Han Xikun, Hu Zunsong, Chen Jing, Huang Jianfeng, Huang Chen, Liu Fangchao, Gu Charles, Yang Xueli, Hixson James E, Lu Xiangfeng, Wang Laiyuan, Liu De-Pei, He Jiang, Chen Shufeng, Gu Dongfeng
Department of Epidemiology, State Key Laboratory of Cardiovascular Disease, Fuwai Hospital, National Center for Cardiovascular Diseases, Chinese Academy of Medical Sciences and Peking Union Medical College, Beijing, China.
Department of Epidemiology, Tulane University School of Public Health and Tropical Medicine, New Orleans, Los Angeles, USA.
Am J Hypertens. 2017 Apr 1;30(4):427-434. doi: 10.1093/ajh/hpw200.
The aim of this study was to comprehensively test the associations of genetic variants of nicotinamide adenine dinucleotide phosphate (NADPH) oxidase-related genes with blood pressure (BP) responses to dietary sodium intervention in a Chinese population.

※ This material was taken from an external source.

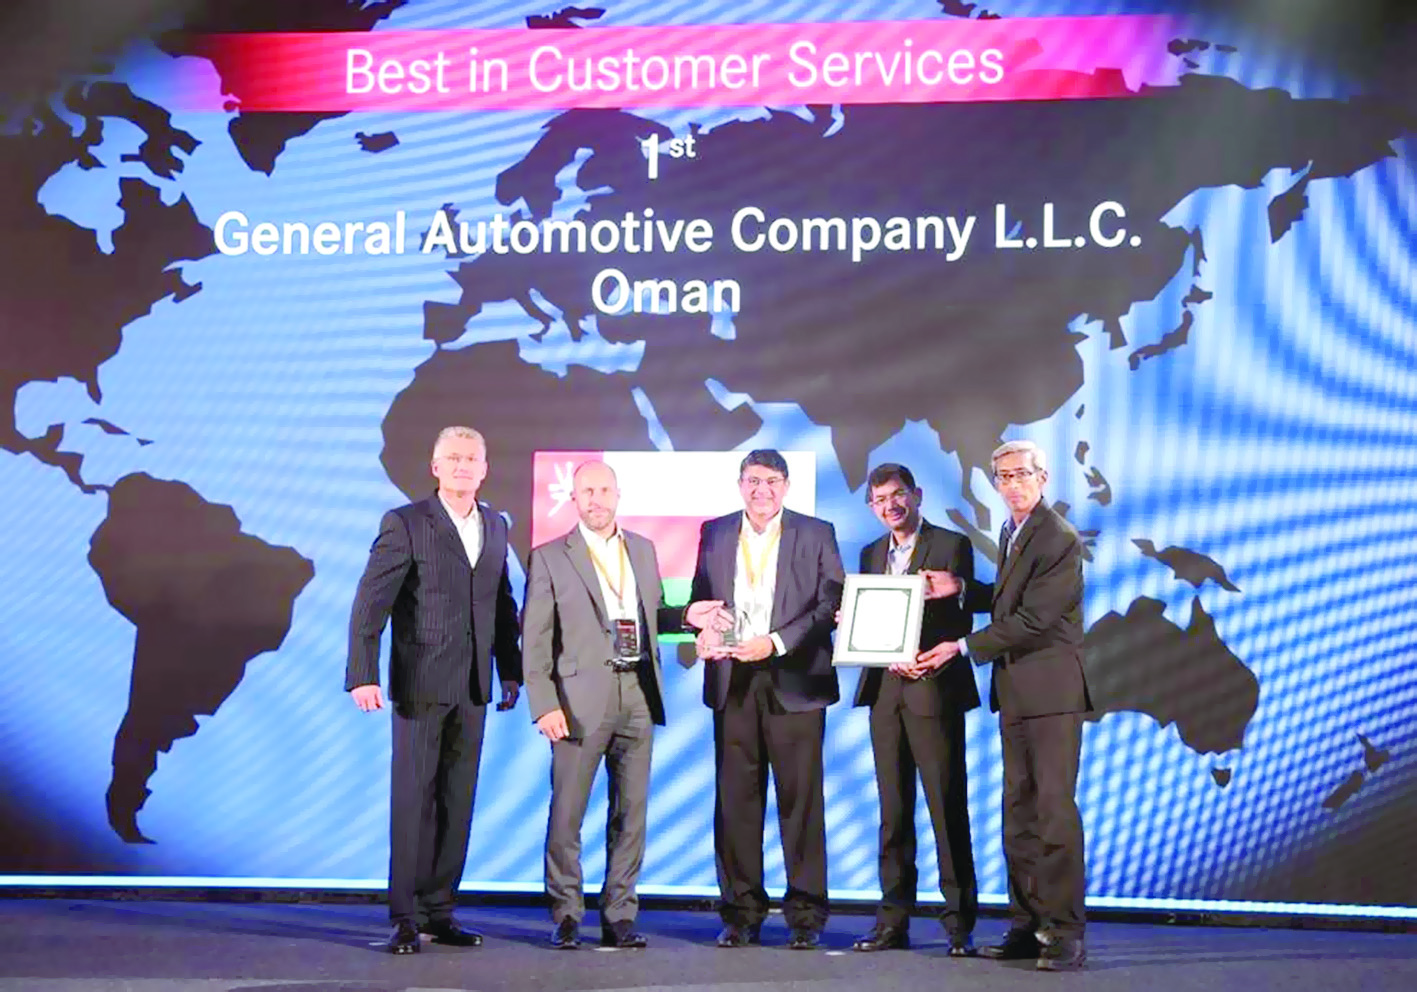 الشركة العامة للسيارات تحصد جائزة "أفضل خدمة للزبائن "

We conducted a 7-day low-sodium intervention followed by a 7-day high-sodium intervention among 1,906 participants in rural China. BP measurements were obtained at baseline and each dietary intervention using a random-zero sphygmomanometer. Linear mixed-effect models were used to assess the additive associations of 63 tag single-nucleotide polymorphisms in 11 NADPH oxidase-related genes with BP responses to dietary sodium intervention. Gene-based analyses were conducted using the truncated product method. The Bonferroni method was used to adjust for multiple testing in all analyses.
Systolic BP (SBP) response to high-sodium intervention significantly decreased with the number of minor T allele of marker rs6967221 in RAC1 (P = 4.51 × 10-4). SBP responses (95% confidence interval) for genotypes CC, CT, and TT were 5.03 (4.71, 5.36), 4.20 (3.54, 4.85), and 0.56 (-1.08, 2.20) mm Hg, respectively, during the high-sodium intervention. Gene-based analyses revealed that RAC1 was significantly associated with SBP response to high-sodium intervention (P = 1.00 × 10-6) and diastolic BP response to low-sodium intervention (P = 9.80 × 10-4).
These findings suggested that genetic variants of NADPH oxidase-related genes may contribute to the variation of BP responses to sodium intervention in Chinese population. Further replication of these findings is warranted.
本研究旨在全面测试烟酰胺腺嘌呤二核苷酸磷酸(NADPH)氧化酶相关基因的遗传变异与中国人群饮食钠干预血压(BP)反应之间的关联。
我们在中国农村的1906名参与者中进行了为期7天的低钠干预,随后进行了为期7天的高钠干预。使用随机零血压计在基线和每次饮食干预时测量血压。线性混合效应模型用于评估11个NADPH氧化酶相关基因中63个标签单核苷酸多态性与饮食钠干预血压反应的加性关联。使用截短产物法进行基于基因的分析。在所有分析中使用Bonferroni方法调整多重检验。
收缩压(SBP)对高钠干预的反应随着RAC1中标记rs6967221的次要T等位基因数量的增加而显著降低(P = 4.51×10-4)。在高钠干预期间,基因型CC、CT和TT的SBP反应(95%置信区间)分别为5.03(4.71, 5.36)、4.20(3.54, 4.85)和0.56(-1.08, 2.20)mmHg。基于基因的分析显示,RAC1与高钠干预的SBP反应(P = 1.00×10-6)和低钠干预的舒张压反应(P = 9.80×10-4)显著相关。
这些发现表明,NADPH氧化酶相关基因的遗传变异可能导致中国人群钠干预血压反应的差异。这些发现值得进一步重复验证。